─── DATA PROVIDED
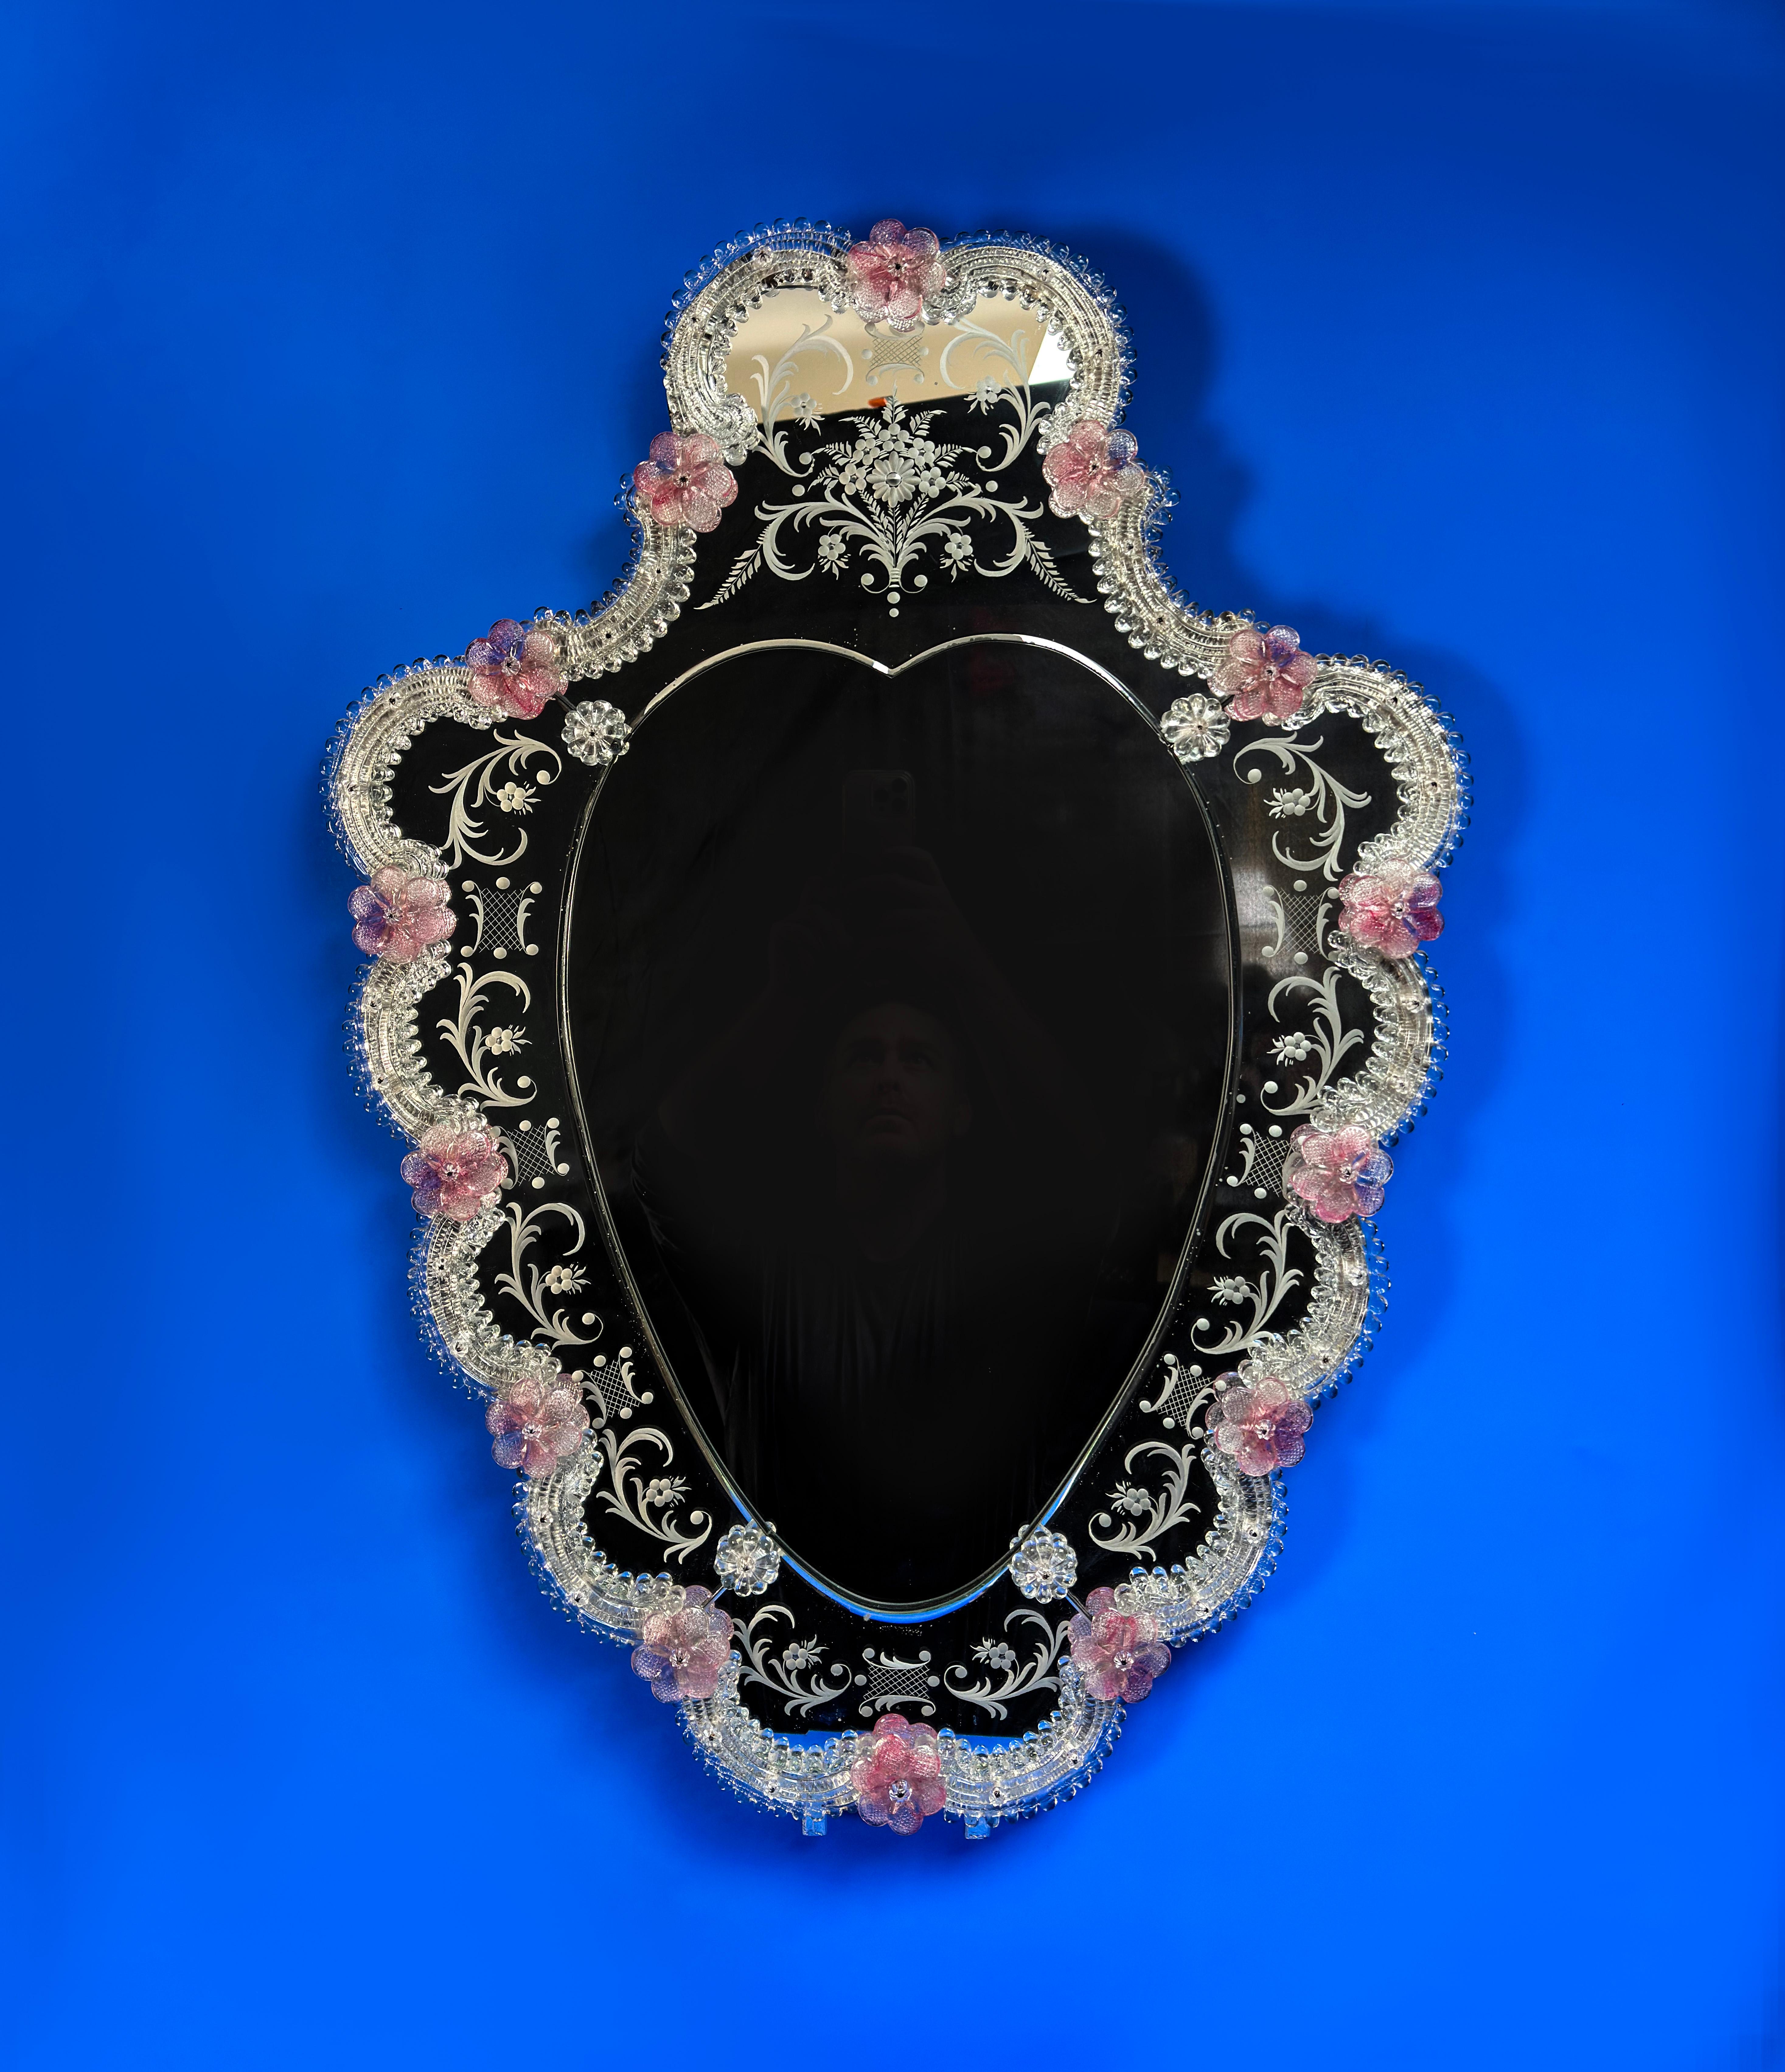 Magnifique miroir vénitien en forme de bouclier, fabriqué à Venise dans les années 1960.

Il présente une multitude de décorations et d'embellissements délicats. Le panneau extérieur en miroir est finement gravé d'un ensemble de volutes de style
──────
─── DATA PROVIDED
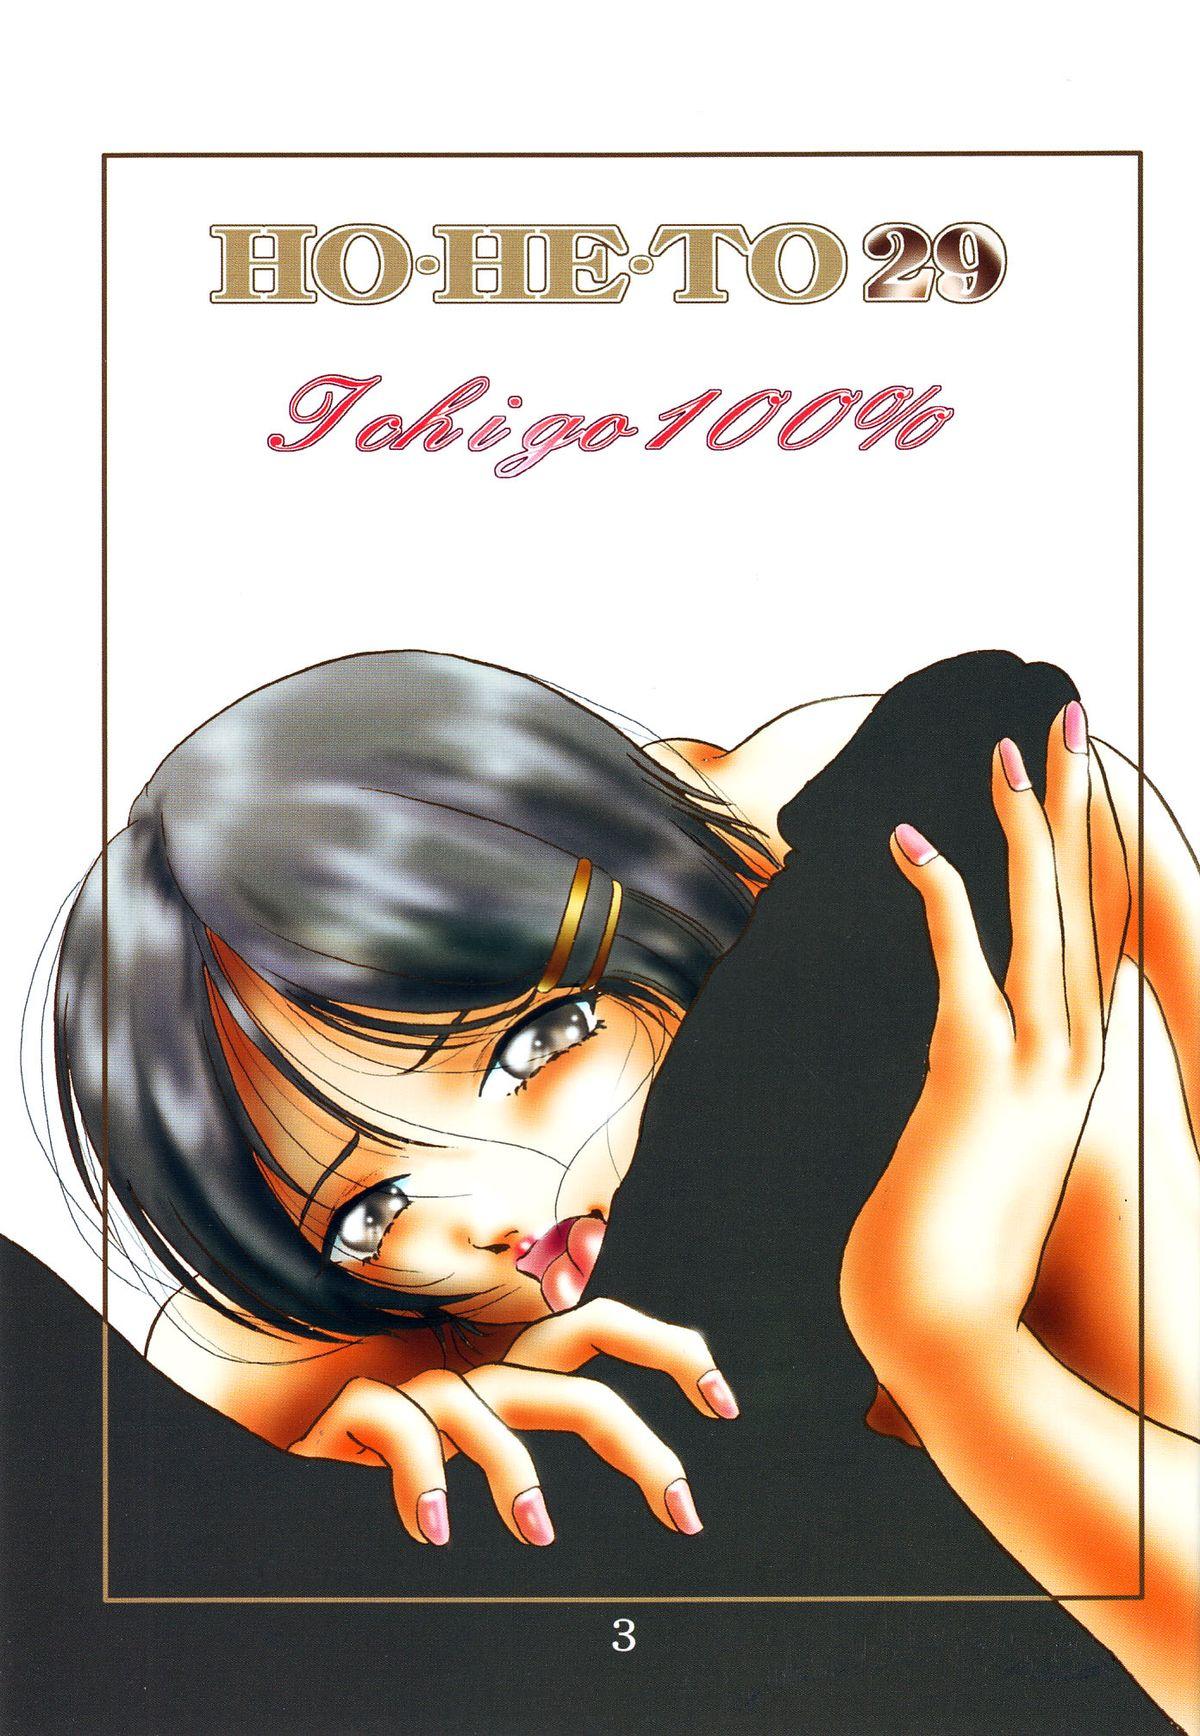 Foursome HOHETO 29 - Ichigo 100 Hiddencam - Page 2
──────
--- ASSIGNMENT ---
Given the listing above, retype only the span of lines from the line with "Magnifique miroir vénitien" up to and including the line with "Il présente une", exactly as it stands and without pictures.

--- WRITTEN RESPONSE ---
 Magnifique miroir vénitien en forme de bouclier, fabriqué à Venise dans les années 1960.

Il présente une multitude de décorations et d'embellissements délicats. Le panneau extérieur en miroir est finement gravé d'un ensemble de volutes de style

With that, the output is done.